WEHI-231 ctl and TFII-I KD cells were collected and cross-linked with 1% formaldehyde in PBS for 10 min at room temperature. The cross-linking reaction was stopped with 125 mM glycine, and the cells washed with 1× PBS and stored at −80 °C until the assay was carried out. Cells were lysed and DNA sheered by sonication in cell lysis/ChIP buffer [0.25% Nonidet P-40, 0.25% Triton X-100, 0.25% sodium deoxycholate, 0.1% SDS, 50 mM Tris (pH 8.0), 50 mM NaCl, 5 mM EDTA] 15 times for 15 s each. Lysates were centrifuged for 15 min at 20,000 × g at 4 °C, and supernatant was collected. A total of 1 mg of protein was precleared for 2 h with Protein G agarose beads (50% slurry blocked with salmon sperm DNA) at 4 °C. IP was carried out by adding 2 µg of antibody and 30 µL of agarose G beads, nutating overnight at 4 °C. After IP, beads were pelleted by centrifugation, followed by four washes to remove unspecific binding using a variety of buffers with varying concentrations of salt. Buffers 1–3 contained 0.1% SDS, 1% Triton-X, 2 mM EDTA, 20 mM Tris (pH 8.0), and 150 mM NaCl, 300 mM NaCl, 500 mM NaCl, respectively. Buffer 4 contained 0.25 M LiCl, 1% Nonidet P-40, 1% sodium deoxycholate, 1 mM EDTA, and 10 mM Tris (pH 8.0). Two additional washes with TE were done to remove any residual buffers from the beads. Complexes bound to the beads were eluted with 500 µL of elution buffer [1% SDS, 1 mM EDTA, 50 mM Tris (pH 8.0)] at 65 °C for 25 min. Beads were pelleted by centrifugation and supernatant was collected. Reverse cross-linking was done by adding 0.2 mM NaCl at 65 °C overnight followed by treatment with Proteinase K at 45 °C for 1 h, and a second incubation of 15 min at 65 °C. DNA recovery was carried out with separation using 500 µL of phenol–chloroform. The aqueous layer was recovered and a second recovery was done with chloroform alone to ensure the complete removal of phenol. DNA precipitation was done overnight by adding 2 µL of yeast transfer RNA (ytRNA) as carrier, 17 µL of sodium acetate, and 900 µL of 95% ethanol. DNA was pelleted by centrifugation at top speed for 15 min at 4 °C, and pellets were washed with 70% ethanol and dried by vacuum centrifugation. DNA was resuspended in 100 µL of H2O and stored at −20 °C. qPCR primers used are listed in Table S1.

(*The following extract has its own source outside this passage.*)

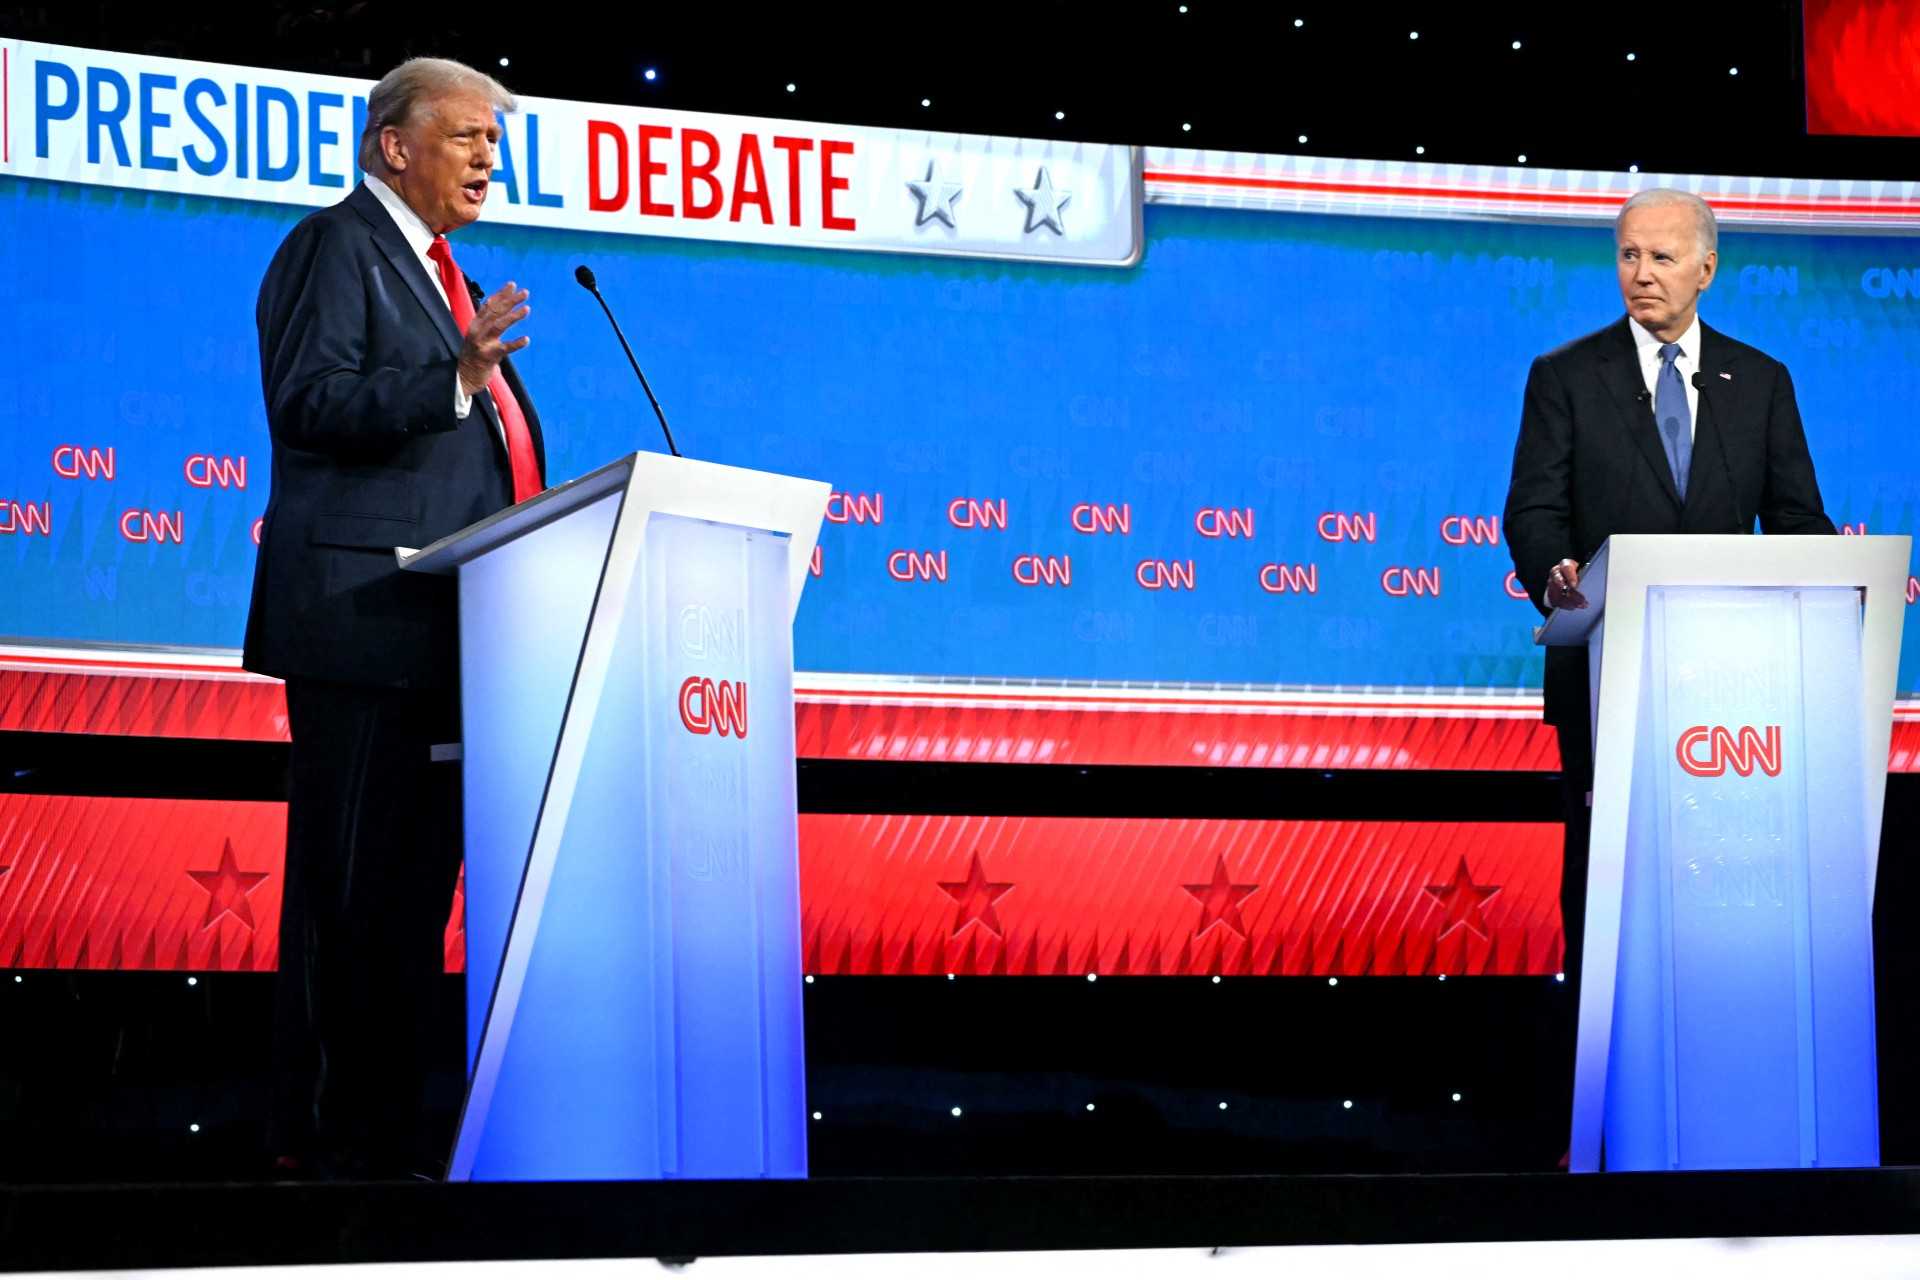 Live updates: Biden, Trump face off in historical presidential debate

ChIP-seq and Bioinformatics.
The ChIP protocol described above was used for ChIP-seq with the exception of the DNA recovery step; in this case, DNA was retrieved using a PCR purification kit (Qiagen) following manufacturer’s instruction. CTCF ChIP was performed in duplicate using lysates from WEHI-231-shctl and WEHI-231-TFII-I KD cells. Recovered DNA was sent to Institut de Recherche en Immunologie et Cancérologie sequencing facility where library construction and sequencing (100 bases, paired end, HiSeq; Illumina) were performed. DNA sequences obtained were trimmed to 45 bases (quality score >30) and were aligned to the mouse genome (National Center for Biotechnology Information Build 37, July 2007, mm9) using the BWA algorithm (56). After alignment, duplicates were removed and only the sequences with MAPQ score ≥30 were kept for further analysis. The model-based analysis of ChIP-SEq (57) peak-finding algorithm (MACS) was used to identify peaks in ctl and TFII-I KD conditions using the default settings. The loss of CTCF binding sites in TFII-I KD cells was quantified using MACS with TFII-I KD data set as background; during this process, MACS software normalized the total tags count between the two samples. The intersect function of BEDTools with an overlap window of 50 bp was used to identify region of colocalization between TFII-I and CTCF in K562 cells in Fig. S4 (GEO accession no. GSE51065). HOMER was used to annotate CTCF peaks and determine their genomic distribution (58). seqMiner software was used to generate all cluster and heat map data (59). Data sets are available on the GEO database (accession no. GSE60917).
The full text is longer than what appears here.